Moriarty (Neal Cassady in the flesh) was to Kerouac as Kerouac, I reflect, is to me: traveling companion, literary muse, and spiritual guide. Kerouac’s was a mind that reflected and expressed the ten thousand things he met on the road: junkies, harvest hands, truck drivers, waitresses, salesmen, hobos, drunks, “a moody whitefaced cow in the sage.”
In a winter frame of mind, then, I think of Jack Kerouac . . . I think of Jack Kerouac.
•
He died in 1969, just three years after the photograph in my window was taken. It was also the year I first read him. At the time I hardly noticed his passing, preoccupied as I was hitchhiking my own routes, pursuing the dharma in my own fashion. On the Road was a signpost, The Dharma Bums a hint scrawled on a boxcar.
Without such roadmarks, however, finding my own way would have been even more solitary than it was. Just out of college, facing the Vietnam War on one horizon and the nine-to-five routine on the other, I welcomed the example of one who’d followed the crooked bent of his own genius at any cost. It was a crooked course indeed, and Kerouac has instructed me as much by negative example as by positive. Inspired as I was by his dedication to awareness and art, I was also sobered by his self-destructive history with alcohol and drugs.
In particular, Kerouac’s early explorations of the dharma were a light on the path, for me as well as for many of my peers of the ‘60s, as we wandered onto the Buddha Way. In 1956, influenced by Gary Snyder and Philip Whalen, Kerouac read Dwight Goddard’s The Buddhist Bible, a collection of sutras in translation. He shared his discovery with Allen Ginsberg, crooning to him, in Frank Sinatra-style, the Three Refuges:
Buddham Sarranam Gochami,
Dhammam Sarranam Gochami,
Sangham Sarranam Gochami.
In the works (The Dharma Bums, Some of the Dharma, The Scripture of the Golden Eternity, San Francisco Blues, Mexico City Blues, Satori in Paris) that followed Kerouac’s reading of the sutras, he cast Buddhism into the terms of his time and, in particular, into the thinking of the beat generation. If anyone ranks as our American Dharma ancestor, it’s him.
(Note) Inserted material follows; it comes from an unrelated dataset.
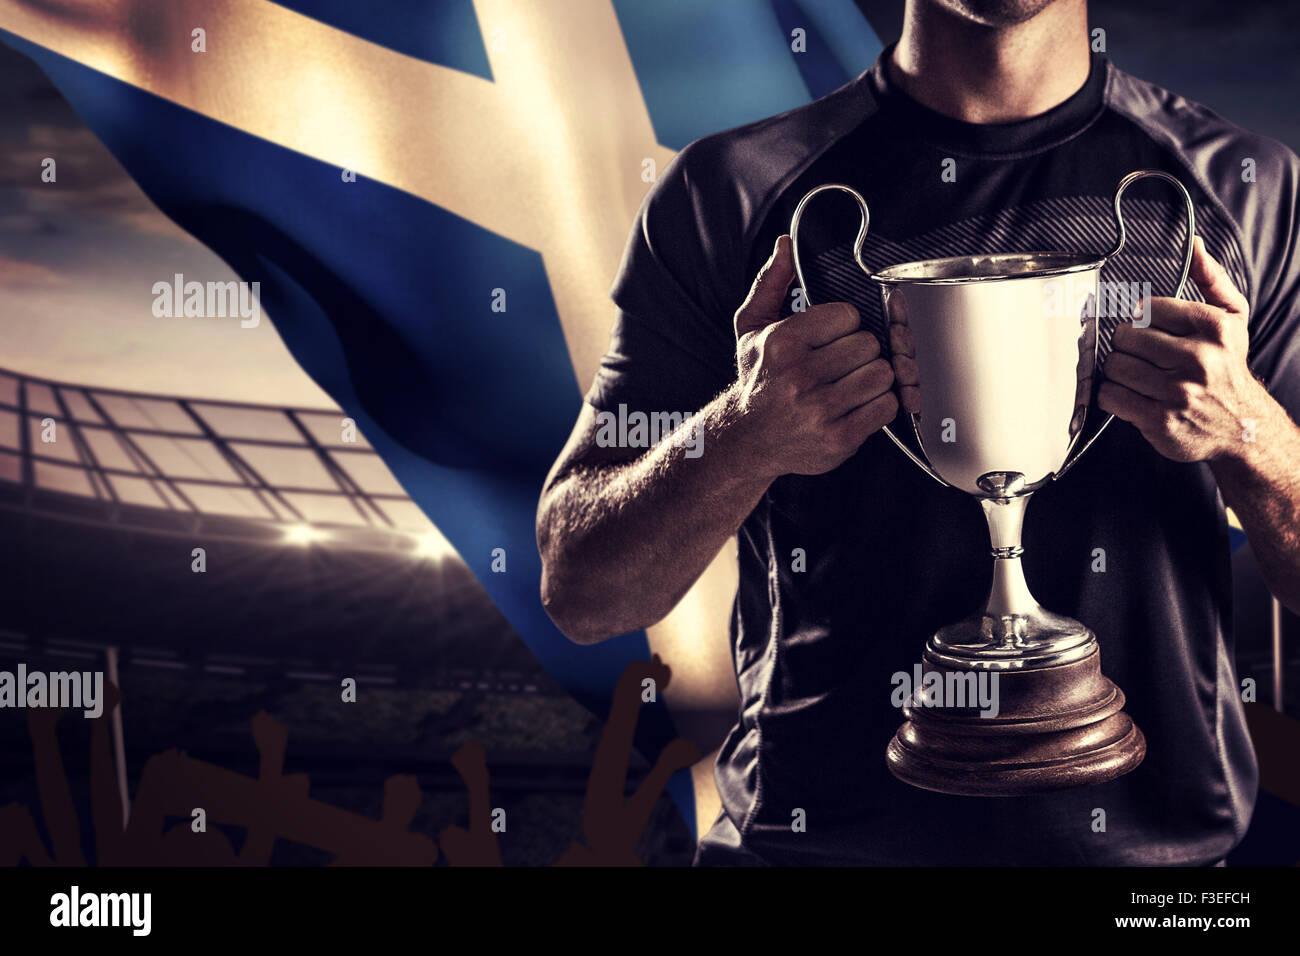 Immagine composita della vittoriosa giocatore di rugby trofeo di contenimento Immagini Stock

Now it’s 1997, forty years after the publication of On the Road, the novel that first brought Kerouac to the public eye. With the anniversary there’s been a renewal of interest in him and the beats in general. I recently took in an exhibit of “Beat Culture in a New America” at the DeYoung Museum of Art in San Francisco. Here were the photographs: a crew of by-now legendary poets lined up in front of Lawrence Ferlinghetti’s City Lights Bookstore; Allen Ginsberg pointing to the Metropolitan Life Insurance Building that inspired his generation-defining poem “Howl”; William Burroughs flopped out in his underwear on a hot night in Tangiers; Kerouac and Neal Cassady, traveling companions of On the Road and Visions of Cody, arms around each other’s shoulders. Here were the videos: Kerouac, accompanied by jazz musician Steve Allen, reading from On the Road; “Pull My Daisy,” narrated by Kerouac, with a full cast of Beats, playing over and over as museum-goers came and went. Here were the matching coffee mugs and appointment books with cartoon caricatures and catchy quotes.
I came away from the exhibit with the disappointment I’ve often felt at much of the recent Kerouac revival, with its People Magazine focus on the details of his life: the drugs, the drink, the sex, the sad end at forty-seven years. Where, in the midst of the images and icons, were the words that first inspired me? “Live your life? No, love your life!” he’d declared. I couldn’t find those words in the superficial interest around the man.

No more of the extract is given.